Receptor tyrosine kinase inhibitor tivozanib regulates cell state plasticity and restores MITF dependency in BRAF wild-type melanoma
Yan-ni Ma1,2,3,
Xu-hui Ma1,4,5,6,7,8,9,
Mei-ling Hao2,
Rui-xin Liu2,
Yang Zheng1,4,5,6,7,8,9,
Jie Yang2,
Xiang-yu Chen10,
Yi-nan Chen2,
Sheng-nan Zheng2,
Yan-jie Zhang2,3,
Ming Lei2,
Min Jiang11,
Wei Guo1,4,5,6,7,8,9,
Han-lin Zeng2,3
1 Department of Oral and Maxillofacial-Head and Neck Oncology, Shanghai Ninth People’s Hospital, Shanghai Jiao Tong University School of Medicine, Shanghai 200011, China
2 Shanghai Institute of Precision Medicine, Shanghai Ninth People’s Hospital, Shanghai Jiao Tong University School of Medicine, Shanghai 200025, China
3 Department of Oncology, Shanghai Ninth People’s Hospital, Shanghai Jiao Tong University School of Medicine, Shanghai 200011, China
4 College of Stomatology, Shanghai Jiao Tong University, Shanghai 200025, China
5 National Center for Stomatology
6 National Clinical Research Center for Oral Diseases, Shanghai 200011, China
7 Shanghai Key Laboratory of Stomatology
8 Shanghai Research Institute of Stomatology
9 Shanghai Center of Head and Neck Oncology Clinical and Translational Science, Shanghai 200011, China
10 Department of Plastic and Cosmetic Surgery, Shanghai Ninth People’s Hospital, Shanghai Jiao Tong University School of Medicine, Shanghai 200011, China
11 Department of Oncology, The First Affiliated Hospital of Soochow University, Suzhou 215006, China
Correspondence to: Xu-hui Ma: 118031@sh9hospital.org.cn, Min Jiang: jiangmin1023@suda.edu.cn, Wei Guo: guoweicn@sjtu.edu.cn, Han-lin Zeng: Hanlin.Zeng@shsmu.edu.cn,
DOI: 10.1038/s41401-025-01599-3
Received: 14 January 2025
Accepted: 22 May 2025
Advance online: 23 June 2025
Abstract
While combination BRAF/MEK inhibition has improved survival in BRAFV600 mutant melanoma, targeted therapies for BRAFWT melanoma remain limited.

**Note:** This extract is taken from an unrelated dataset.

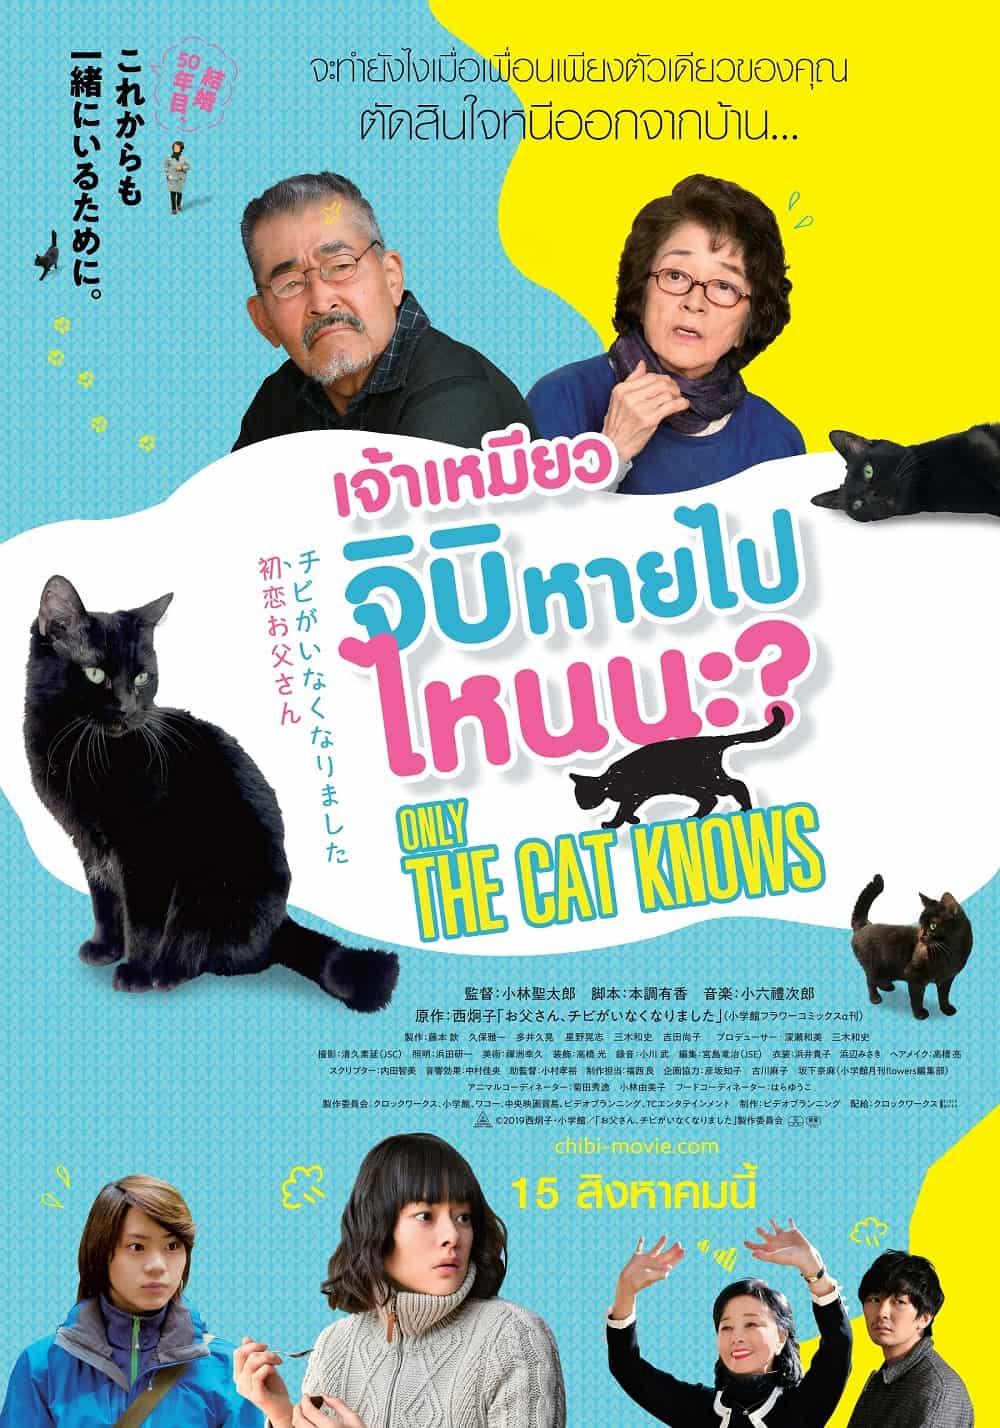 ภาพยนตร์ญี่ปุ่น Only The Cat knows เจ้าเหมียวจิบิ หายไปไหนนะ?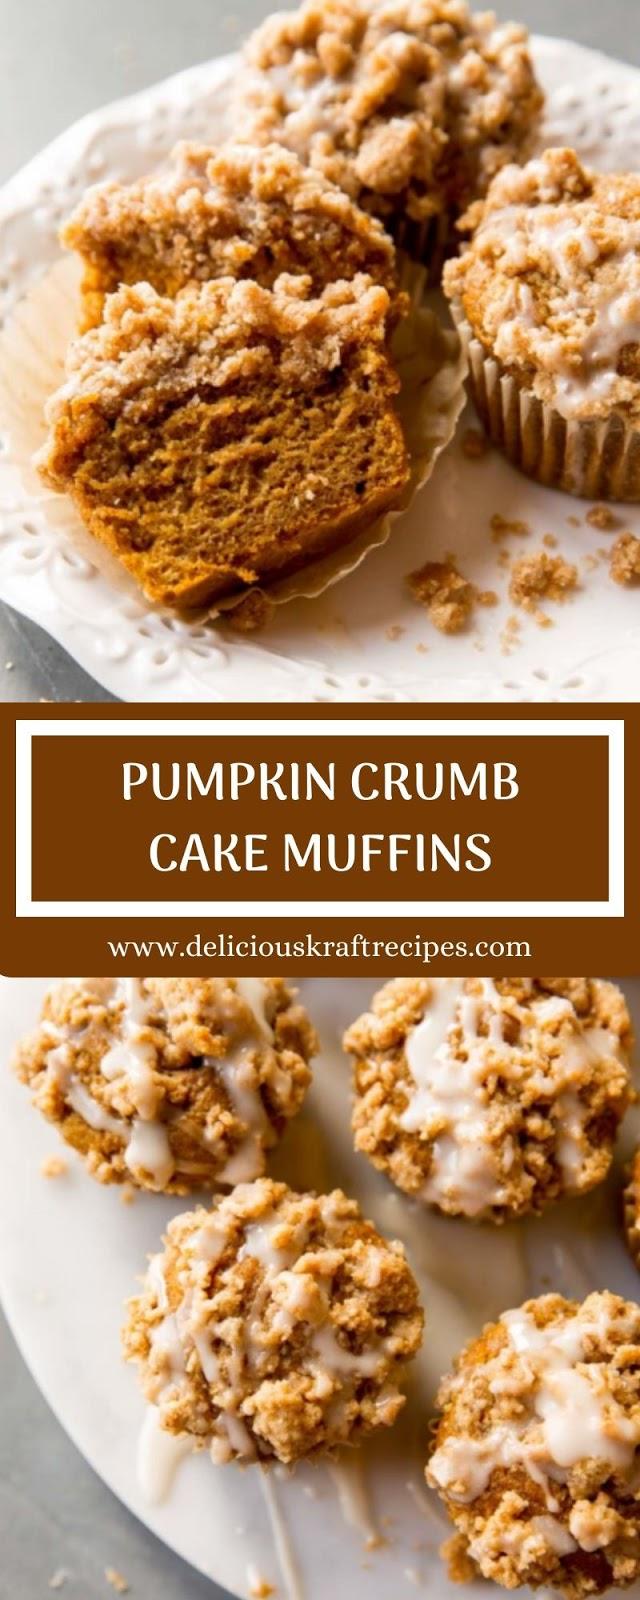 PUMPKIN CRUMB CAKE MUFFINS

Microphthalmia transcription factor (MITF), a lineage-specific transcription factor that regulates melanocyte proliferation and melanin synthesis, represents a promising melanoma-specific drug target. In this study, we evaluated TT-012, a recently identified MITF dimerization specific inhibitor, and surprisingly found that most BRAFWT melanoma lines were resistant to TT-012 due to low MITF transcriptional activity and reduced dependency on MITF for proliferation. High-throughput drug screen identified tivozanib, an FDA-approved drug targeting VEGFR and other receptor tyrosine kinases (RTKs), which sensitized cells to TT-012. Mechanistically, tivozanib induced cell state transition from MITFlow to MITFhigh state via VEGFR2 inhibition followed by NF-κB pathway activation, restoring MITF transcriptional activity and growth dependency. The combination of tivozanib and TT-012 synergistically inhibited melanoma growth both in vitro and in vivo, underscoring its potential as a novel therapeutic strategy for BRAFWT melanoma.